Another option is to look for secured lending opportunities. Secured business credit cards do exist. While they require you to put some cash on the card to ensure you pay it back, they are an excellent way to raise your score and establish yourself as a good credit risk.
Traditional collateral can get you approved, as well. Securing your business loan with a home or the equipment you buy with the loan proceeds gives the bank a chance to get their money back, should you default. It can help bridge the gap between a hard “no” on your credit application and getting a modest loan at higher rates with a decent amount of collateral.
Raising Your Score is Preferred
While many options exist for small businesses with bad credit to get funds, the absolute best outcome for your company (especially in the long-term) is to raise your score and get approved for the most competitive lending offers. How can you bring up a sluggish business credit score? Start with these:
Ask vendors to report to credit
The companies you purchase goods and services from are not required to report your good payments to business credit agencies, such as Dun and Bradstreet. They may, however, especially if you ask. If you have the choice to work between two similar vendors, choose the one that’s willing to help report your creditworthiness to the agencies.
Open at least one small business credit account.
If you’ve never opened an account in your business name, start now. It doesn’t have to have amazing terms, just be available. Use it, pay it off, and keep it open. Your score will reflect your good behavior over time.

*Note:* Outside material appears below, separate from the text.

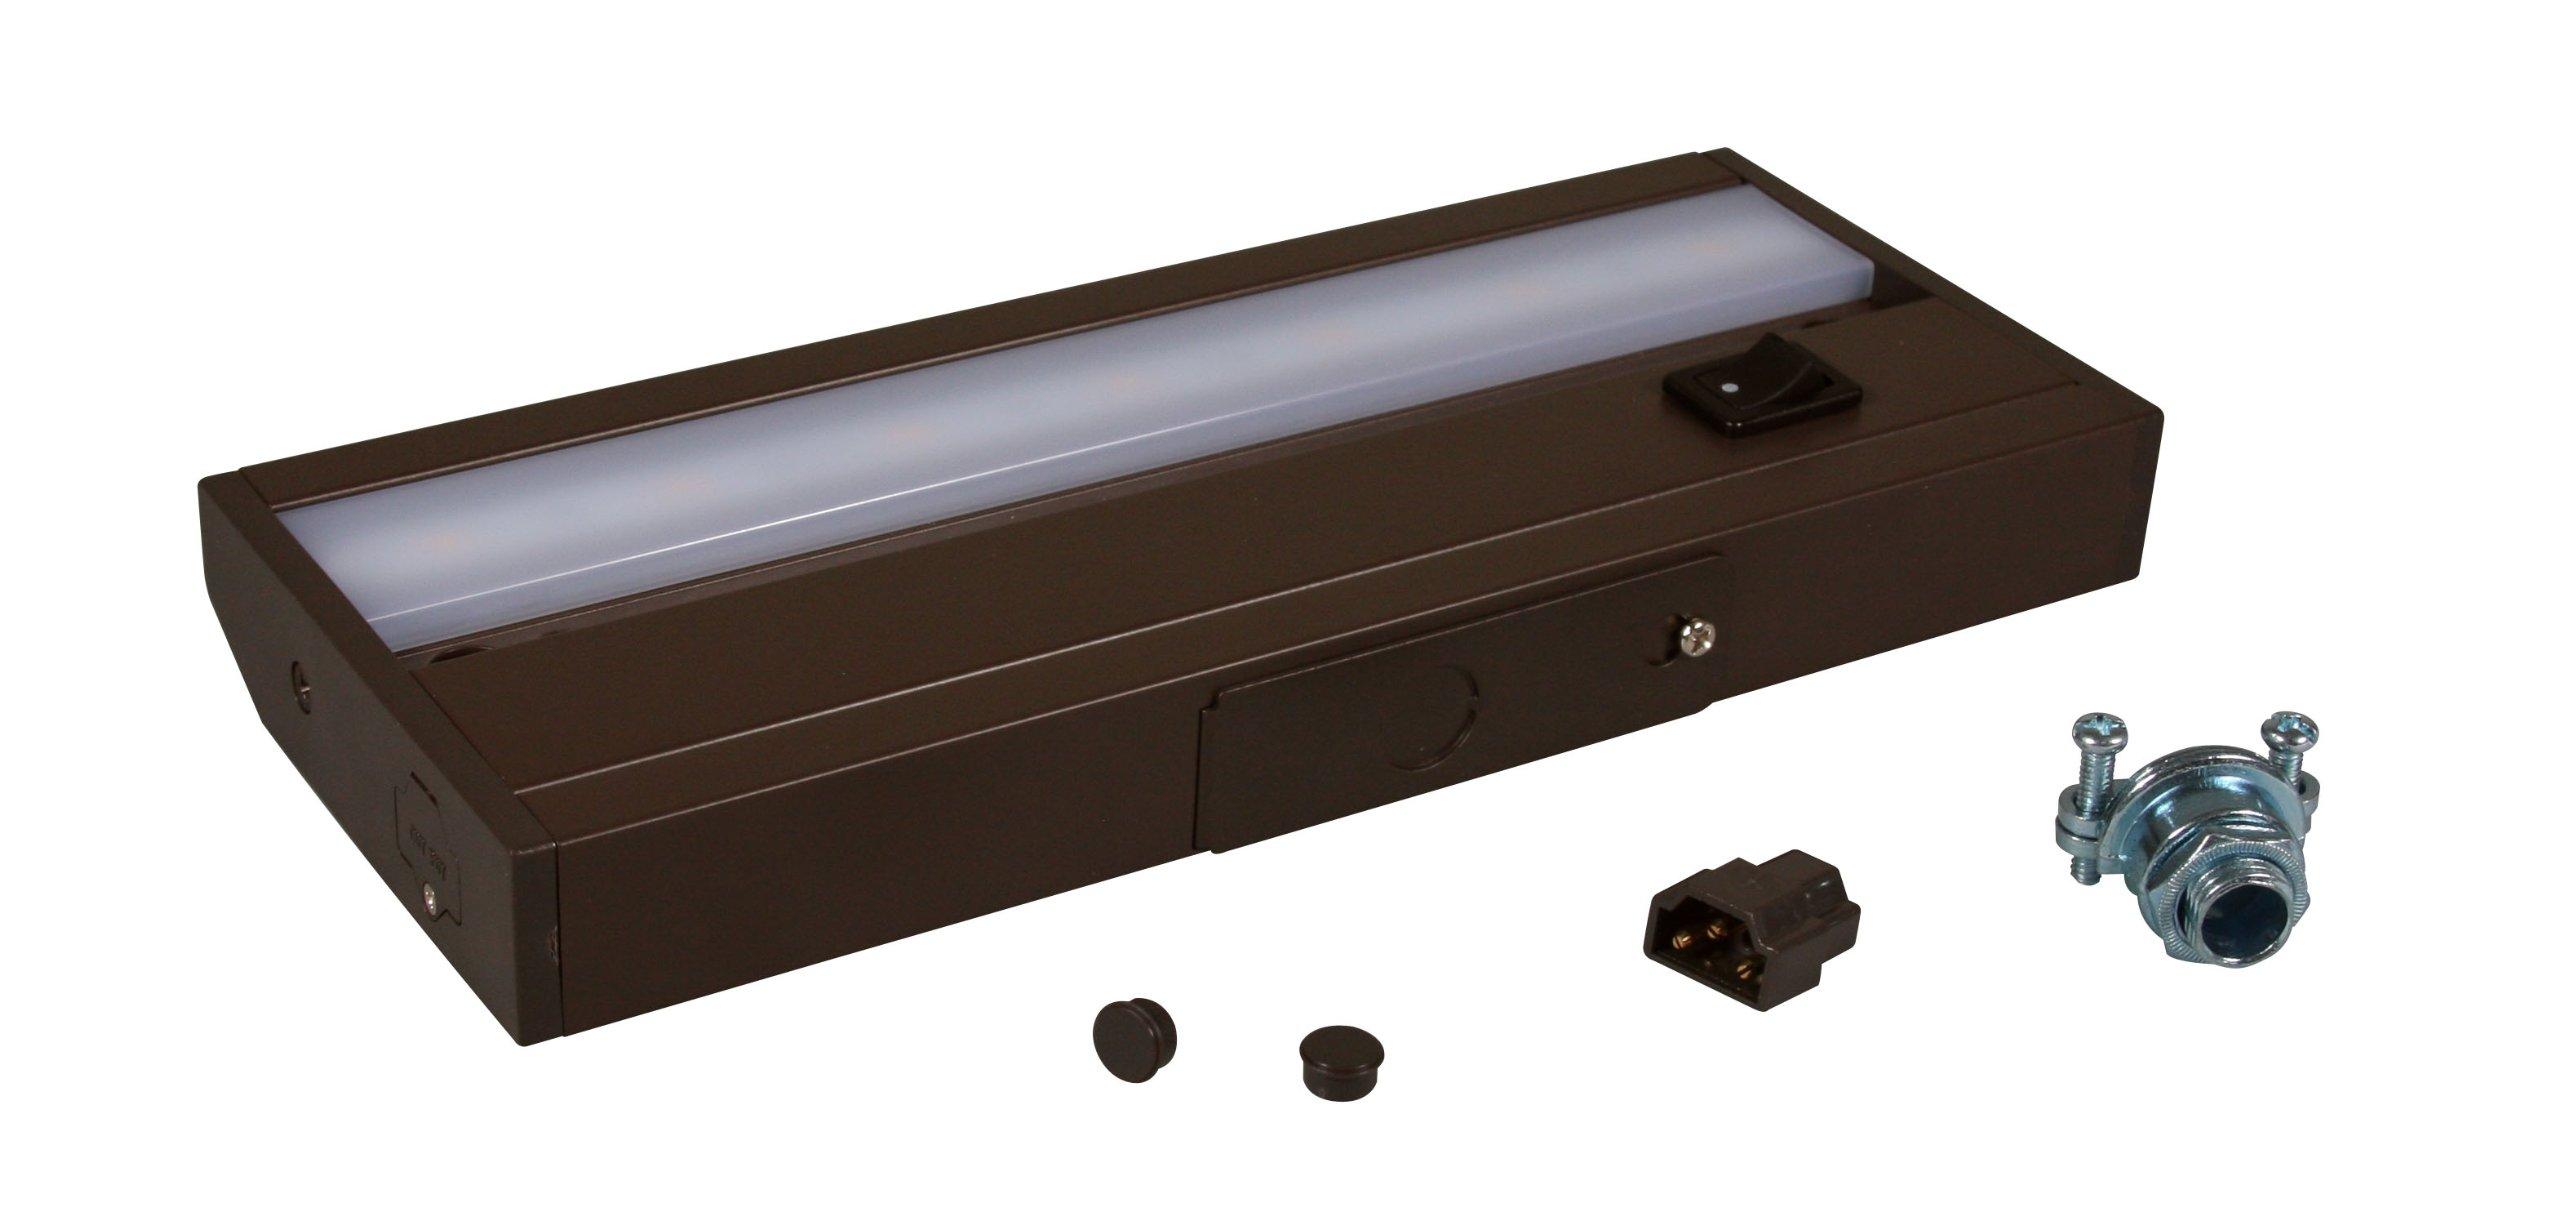 American Lighting ALC-8-DB LED Complete Under Cabinet Light, 3-Watt, 120-Volt Dimmable Warm White, 8-Inch, Dark Bronze

Keep your credit usage low.
Don’t use more than 20 – 30 percent of your available credit across all cards, and try not to have too much sitting on one card at a time. Balance transfers can be especially harmful to your debt ratio, as they put all of your debt onto one card, putting that card over the healthy ratio.
Check your business credit report often.
Don’t take anything for granted. Always check to see that payments are being reported and that your history is building over time. Review your business credit report to look for discrepancies that can drop your score and follow-up on any reporting errors you find promptly.
Never close accounts.
If you find that a credit card or open line of credit no longer works for you, just stop using it. Closing accounts will drop your score, so do what you can to keep it open. Some cards merely need a call from you once a year to let them know your intent to keep the line open; others require a charge once in a while. Do what you need to keep your credit accounts available, even if they aren’t your favorite. More open, paid-off accounts can help boost that score!
While having a low score is frustrating, many small businesses have no business credit score at all—which can be just as bad. If you haven’t done anything to establish a business credit footprint, don’t delay. Now’s the time to start creating the perfect score to access the best cards and loans available for your growing company.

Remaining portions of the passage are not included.